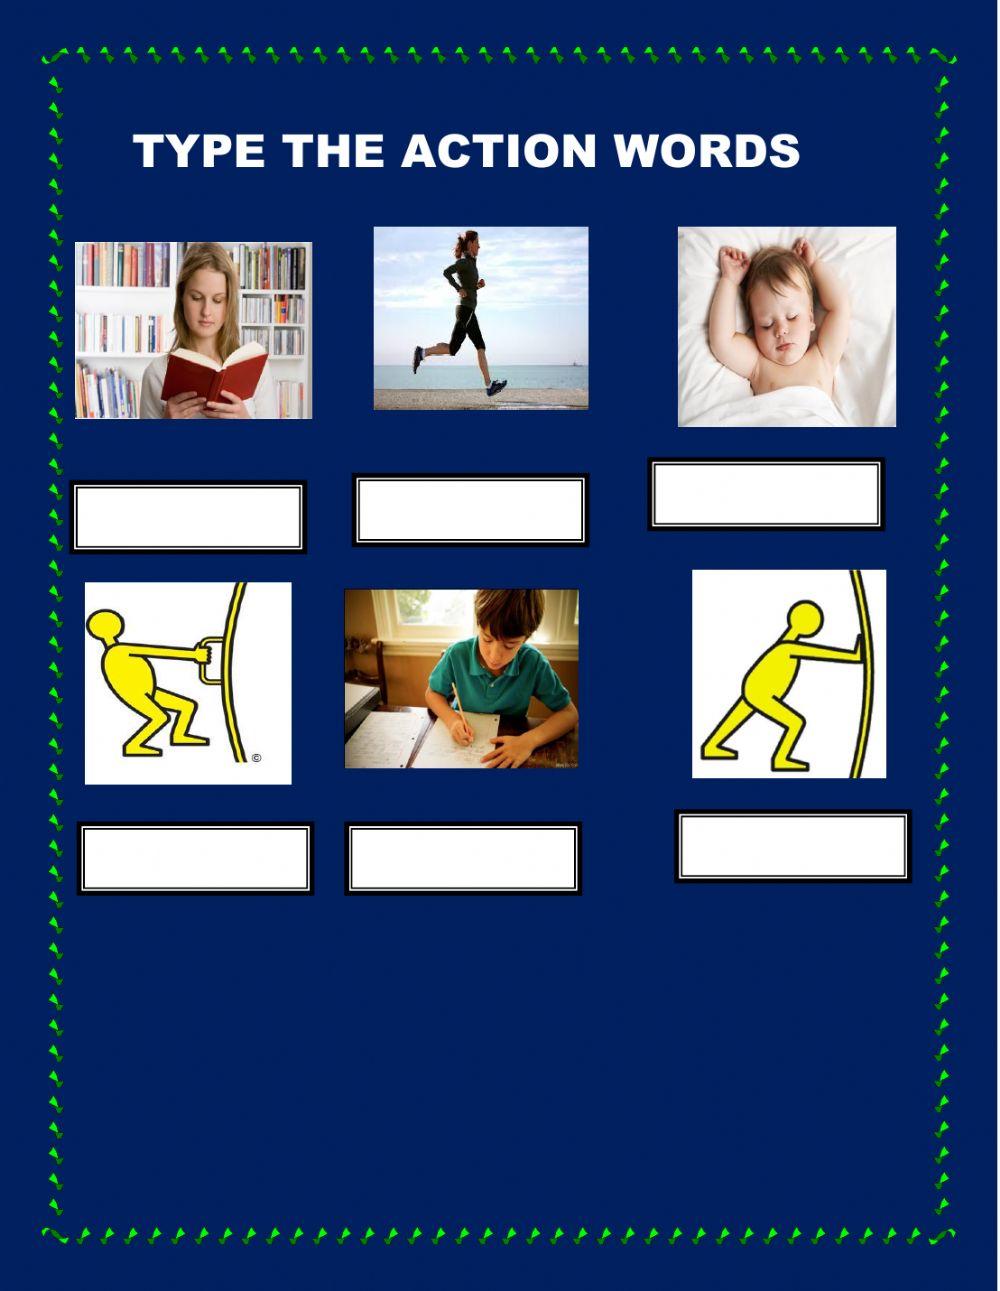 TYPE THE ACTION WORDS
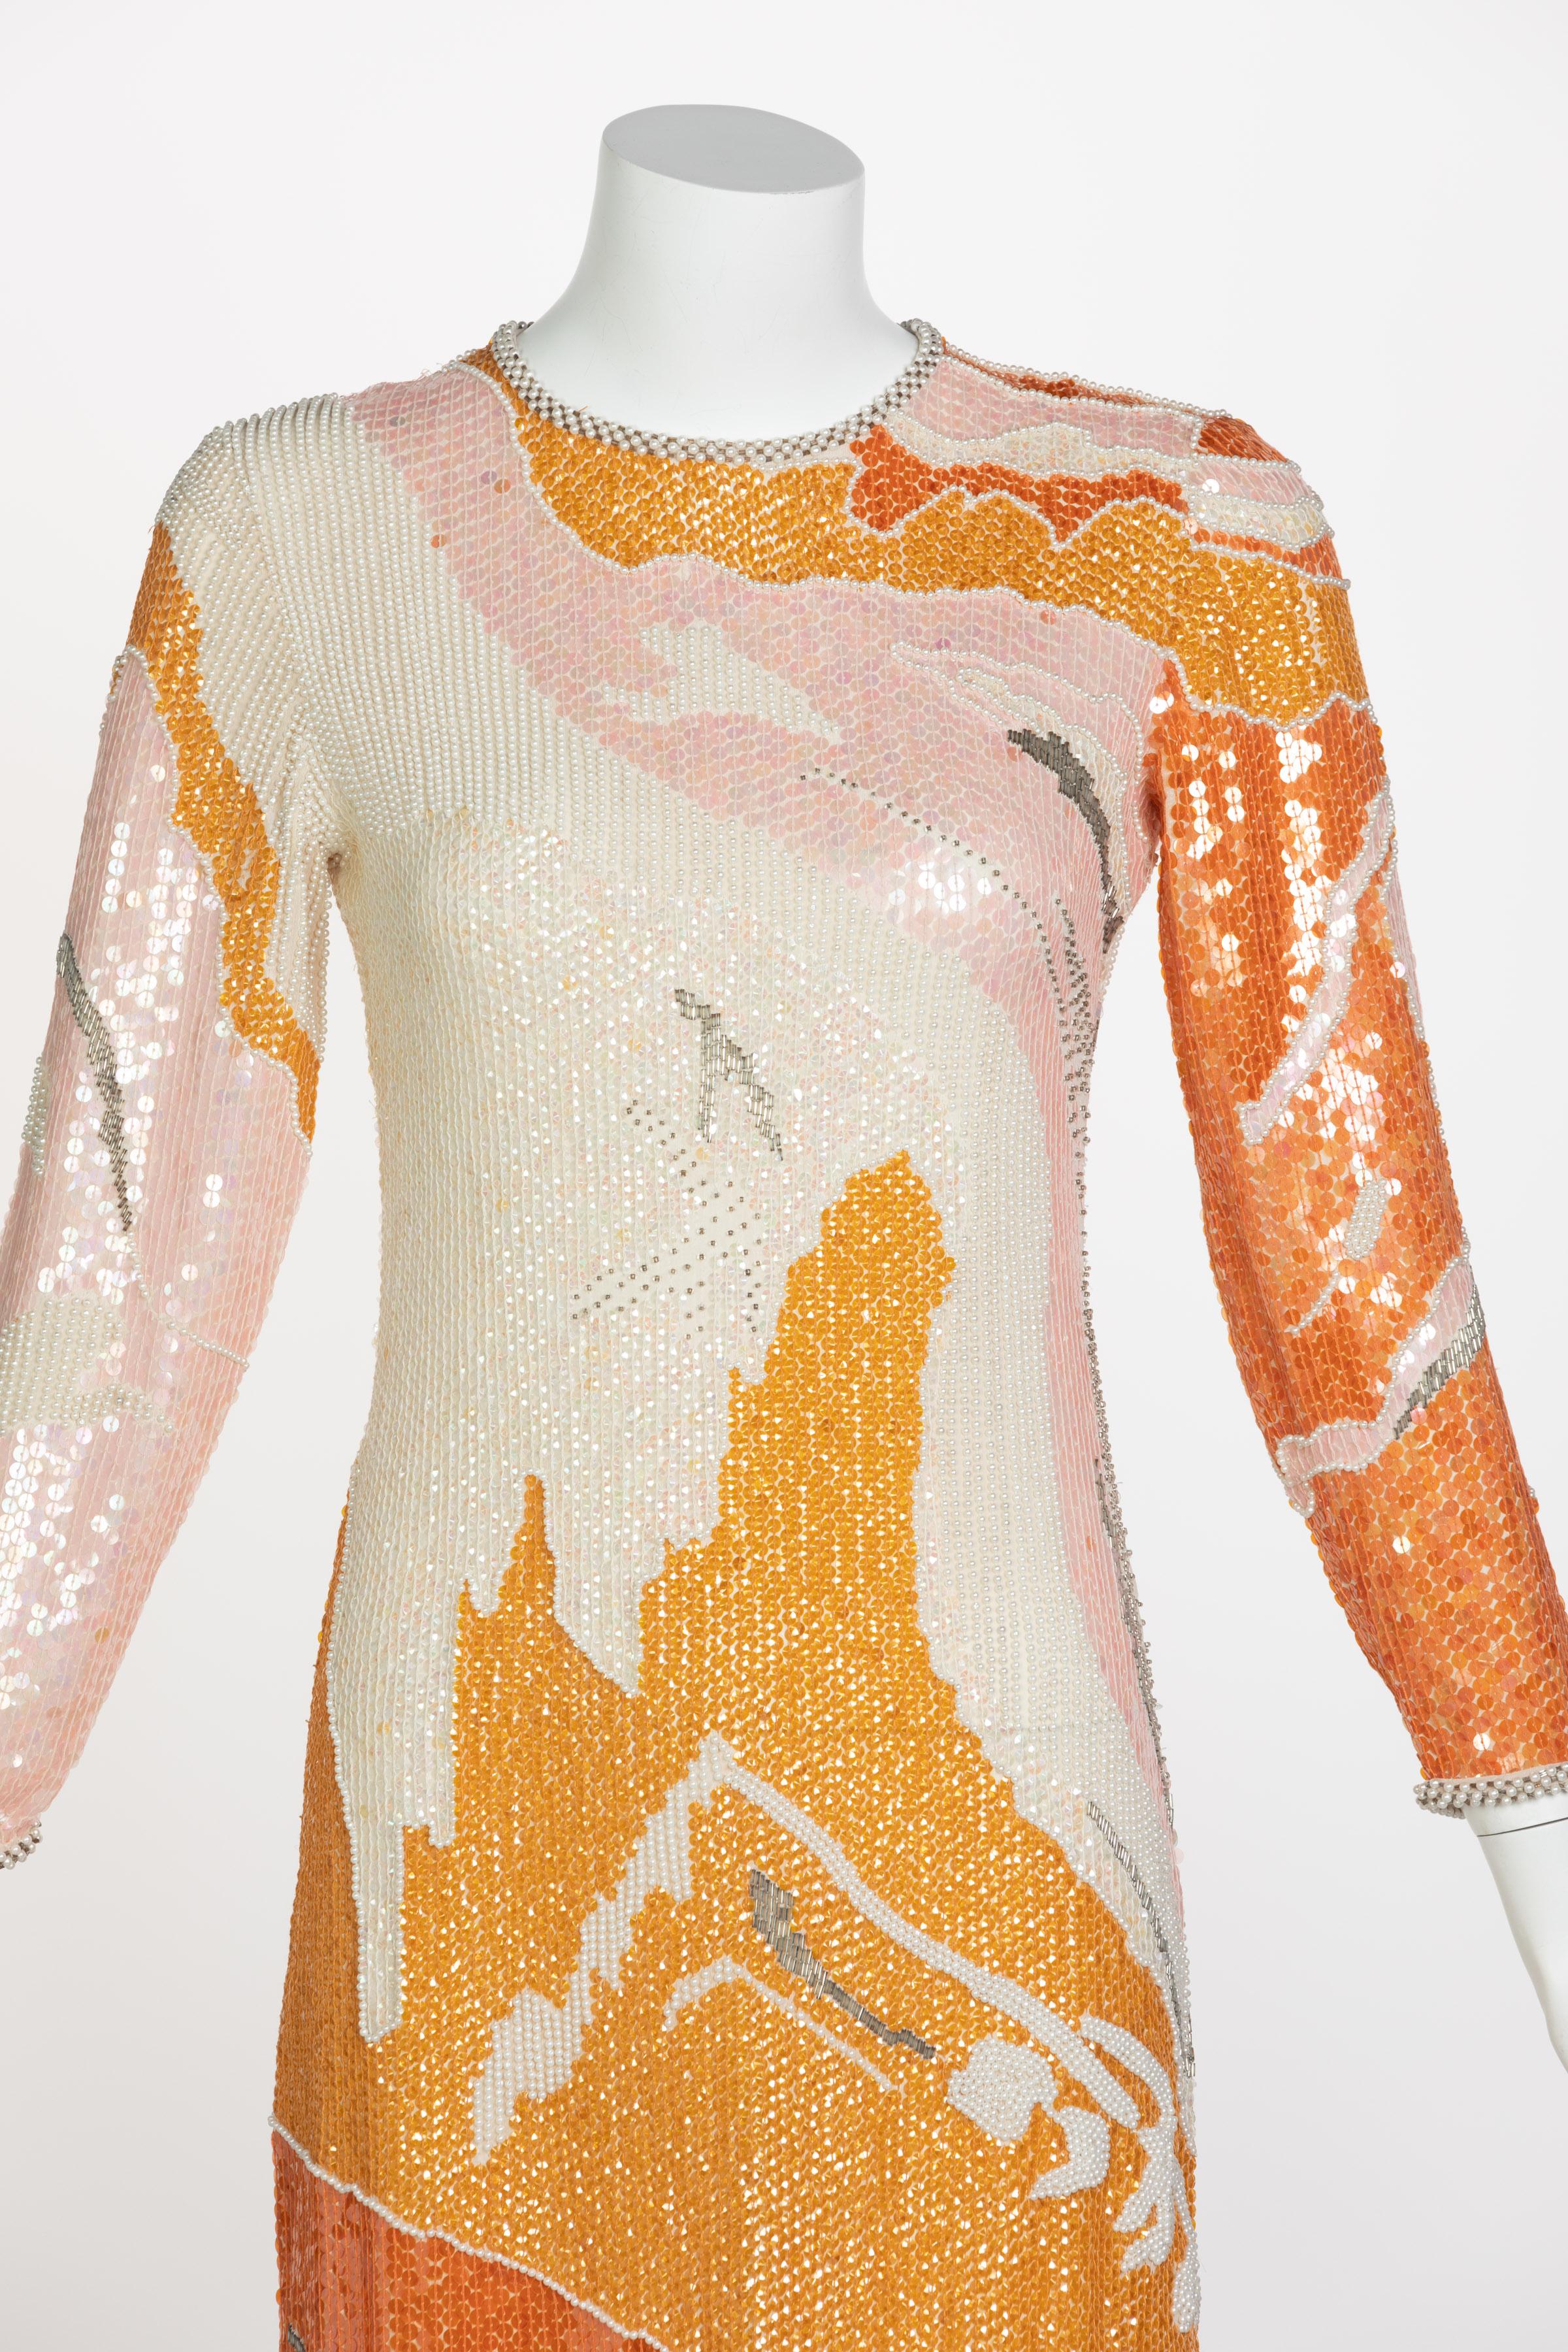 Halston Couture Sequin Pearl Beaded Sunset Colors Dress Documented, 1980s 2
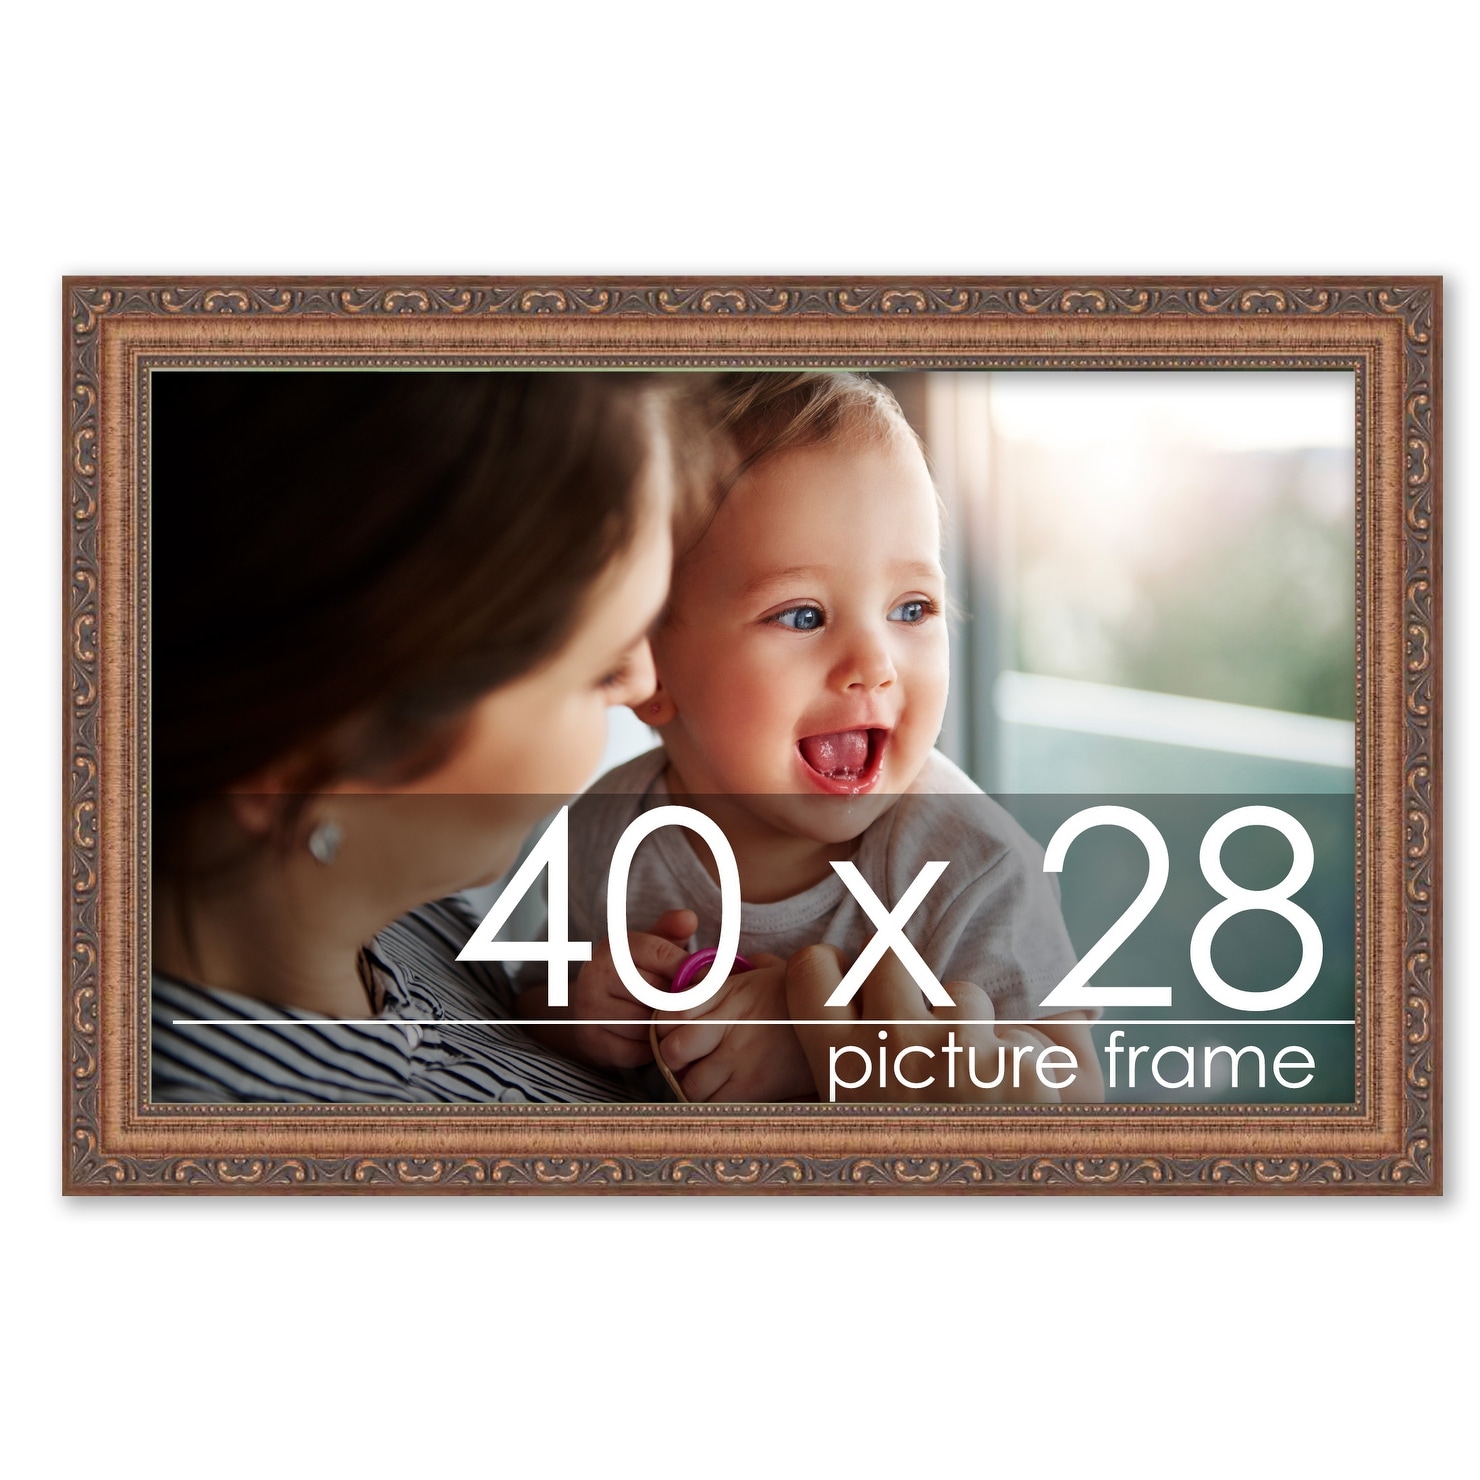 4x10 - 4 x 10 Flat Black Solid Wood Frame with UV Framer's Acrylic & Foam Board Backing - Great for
# # #
◆ Task to carry out: Return the listing verbatim, pictures omitted.

◆ Result for this exercise:
 TYPE THE ACTION WORDS
 Halston Couture Sequin Pearl Beaded Sunset Colors Dress Documented, 1980s 2
 4x10 - 4 x 10 Flat Black Solid Wood Frame with UV Framer's Acrylic & Foam Board Backing - Great for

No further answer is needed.